Continuity of entropies via integral representations
Mario Berta, Ludovico Lami, Marco Tomamichel
TL;DR
This work introduces a dimension-independent semi-continuity bound for the quantum relative entropy via Frenkel's integral representation, establishing that $D(\rho\|\omega) - D(\sigma\|\omega) \le \varepsilon \log(M-1) + h_2(\varepsilon)$ under $\tfrac{1}{2}\|\rho-\sigma\|_1 \le \varepsilon$ and $\rho \le M\omega$. The bound, which is tight, unifies and extends classical continuity results to the fully quantum setting and serves as a versatile tool for a suite of applications: it yields improved Fannes--Audenaert and conditional-entropy bounds (including Wilde's conjecture in the equal-mMarginals case), enhanced continuity for entanglement cost, refined bounds for approximate degradability in quantum channels, and general results for filtered entropies and infinite-dimensional transformation rates. Collectively, these results advance quantitative control over how small perturbations in quantum states or channels affect key information measures, with broad implications for quantum information processing and entanglement theory. The work also highlights open questions, notably the full resolution of Wilde's conjecture and tight continuity for quantum mutual information and squashed entanglement, pointing to future directions for extending the integral-representation framework.
Abstract
We show that Frenkel's integral representation of the quantum relative entropy provides a natural framework to derive continuity bounds for quantum information measures. Our main general result is a dimension-independent semi-continuity relation for the quantum relative entropy with respect to the first argument.
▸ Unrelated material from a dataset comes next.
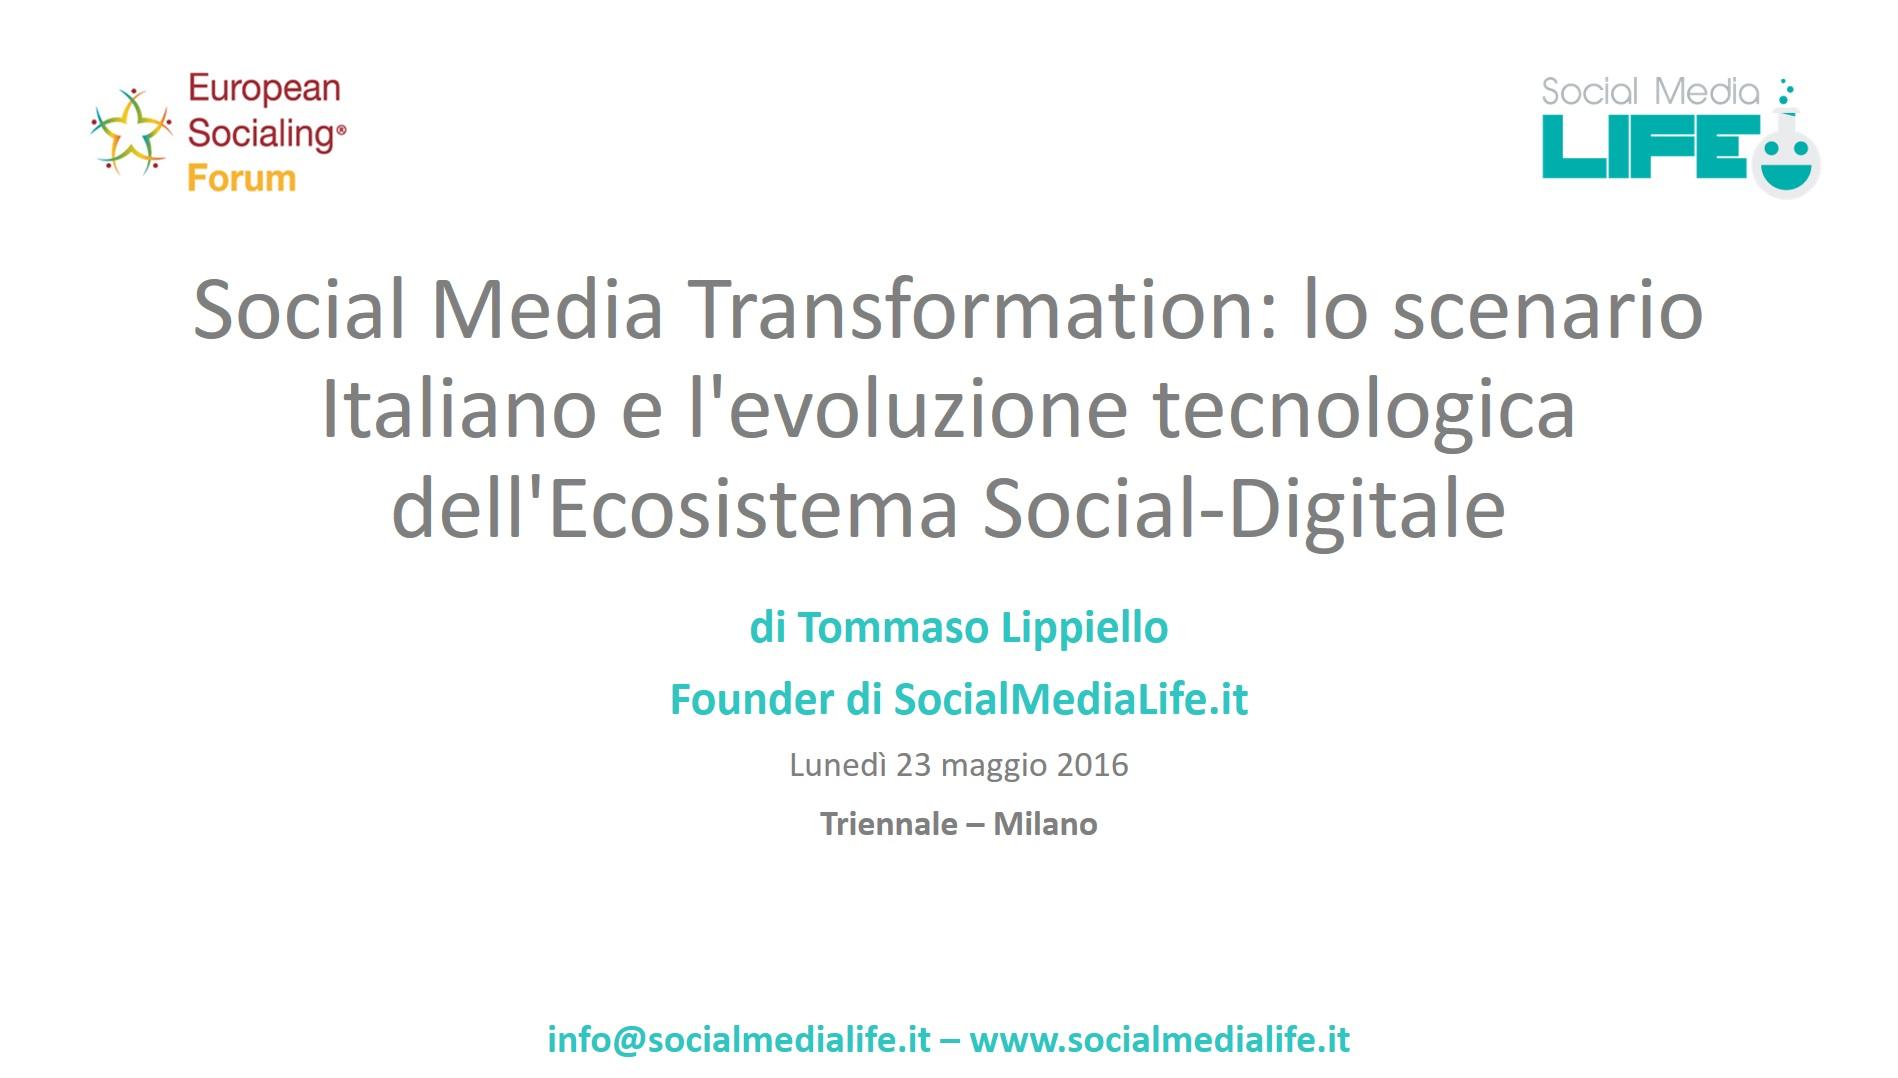 Social Media Transformation

Using it, we obtain a number of results: (1) a tight continuity relation for the conditional entropy in the case where the two states have equal marginals on the conditioning system, resolving a conjecture by Wilde in this special case; (2) a stronger version of the Fannes-Audenaert inequality on quantum entropy; (3) better estimates on the quantum capacity of approximately degradable channels; (4) an improved continuity relation for the entanglement cost; (5) general upper bounds on asymptotic transformation rates in infinite-dimensional entanglement theory; and (6) a proof of a conjecture due to Christandl, Ferrara, and Lancien on the continuity of 'filtered' relative entropy distances.